Indeed were the Fulani to be engaged in cattle herding as a purely commercial activity other than as a way of life the laws of economics would have compelled them to charge more for cows.
If we look at the billions in revenue through taxes and levies that governments and their agencies across the country rake in from the entire value chain of the cattle business ranging from transportation, market, abattoir, sanitation etc, the Fulani herders who form the bedrock of the business get the least in terms of revenue accruing.
So what then is the beef (no pun intended) if government proposes to upgrade and integrate this segment into the national livestock plan of the country as part of the much desired agricultural revolution in the country?
Some argue that the Fulanis are foreigners from somewhere in West Africa and should not benefit from the programme. Other arguments say that the cattle business is private and should be kept so; government should not spend public funds to shore up what essentially is a private business.
As to the Fulani being foreigners, last time I checked virtually all ethnic groups trace their origin from somewhere in the middle east. By that logic everybody else is a foreigner in this country.
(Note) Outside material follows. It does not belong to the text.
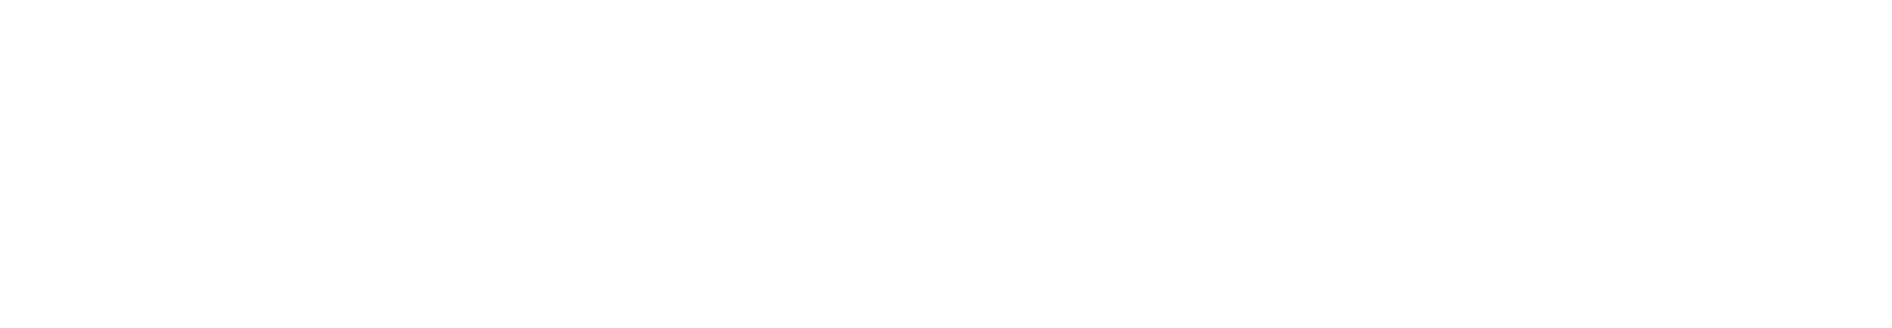 Morris & Hislope Funeral Home Logo

On the issue of government spending money to upgrade the cattle business, the question to ask is do we desire for the sector to remain as primitive as it is or does it make sense to raise the level of Livestock industry in Nigeria and bring it in line with what obtains in Africa and elsewhere?
We must bear in mind that the national livestock plan like all transformational initiatives, requires government intervention to set parameters for its scope, development and growth. This will necessarily at the initial stage include funding. It is like Industrialisation programme in a country where government needs to intervene at the early stages.
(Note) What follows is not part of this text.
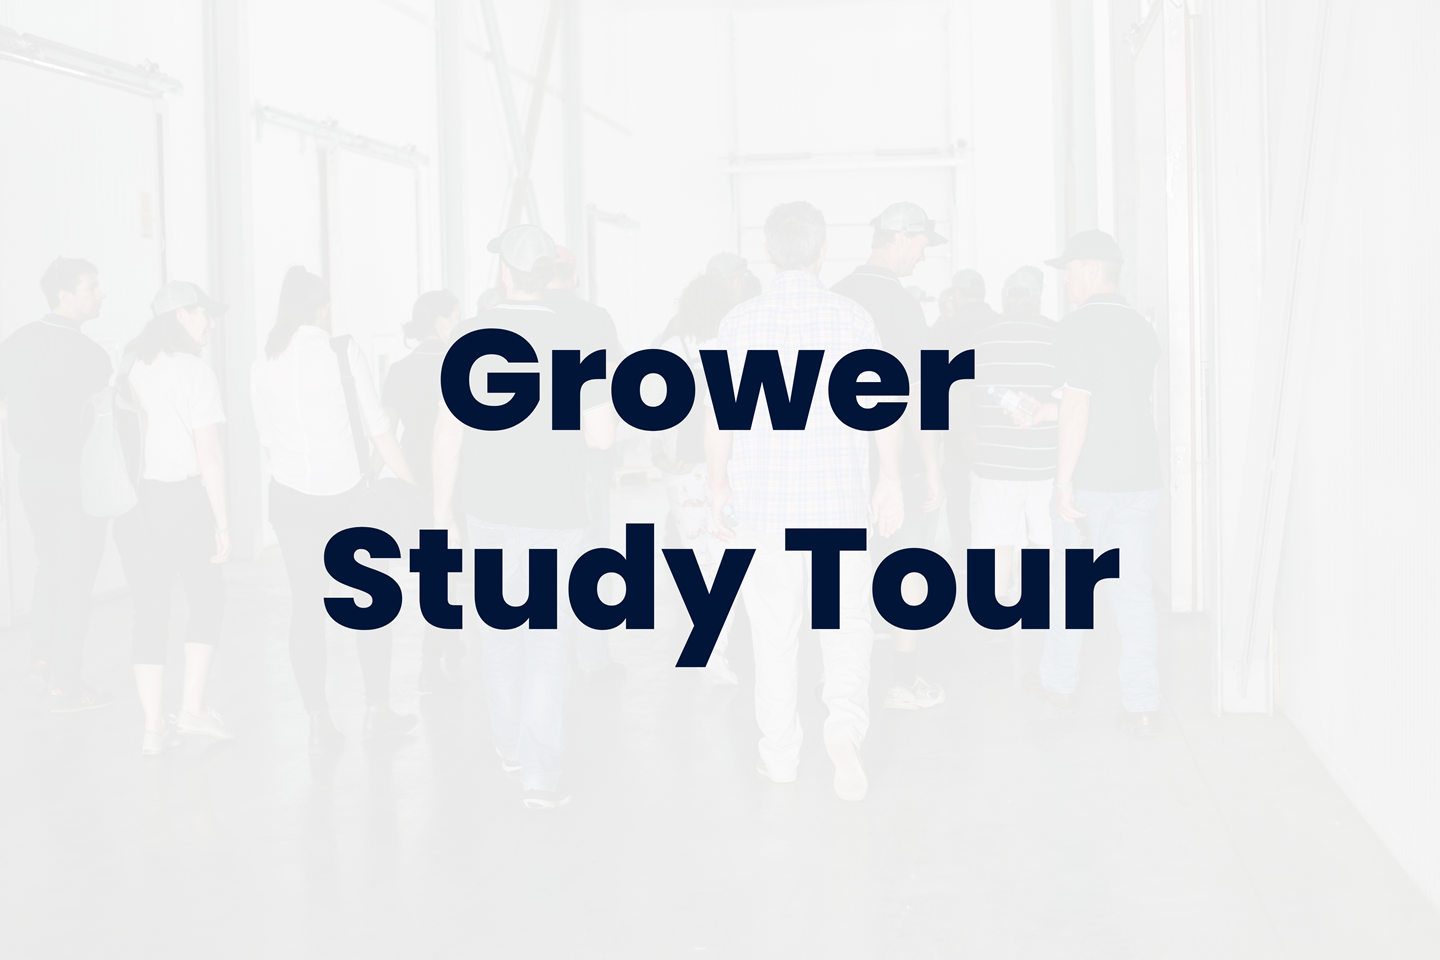 Grower Study Tour text

From a national security perspective also, the programme will help curb the disturbing incidence of incessant clashes between herders and farmers over grazing lands. The flashpoint here is the issue of land availability which as a result of rapid population growth and desertification is increasingly in short supply both for farming and Livestock grazing. This has led to violence between the herders and farmers resulting in loss of lives and livelihoods and the displacement of whole communities.
If land can be allocated where livestock farming and animal husbandry could be practised economically by all who want to participate, it could go a long way towards stemming this ugly trend going forward. It is not about the Fulanis alone. It is about a template and a level playing field for all the stakeholders and potential participants in the scheme all over the country who want to practise livestock farming. Fulanis at this point in time happen to be the main participants in the little livestock farming we practise for now with their involvement as herders and cattle rearers . There is potential for others to join in and with other livestock if we expand the scope of the sector from what currently obtains.
In a number of countries around the world, livestock farming is important bedrock of the agricultural sector. In Europe countries like Denmark, Netherlands and Britain rake in billions from the value chain of livestock farming. In Latin America, Brazil and Argentina are prominent exporters of beef and its products. In Africa countries like Kenya, Tanzania, South Africa, Botswana and Namibia are in the same league. Nigeria’s potential is unmatched by all these countries.
Nigeria spends billions of naira importing dairy products and meat from the livestock industries of other countries. It is money a fraction of which we could deploy to establish and grow our livestock industry, satisfy our local demand and export abroad to earn revenues. The national livestock plan if faithfully and diligently implemented will take us in that direction.
Rather than seek to destroy it through sentimental political gerrymandering what we should do is weigh in with informed opinions on how to fine tune and make it better.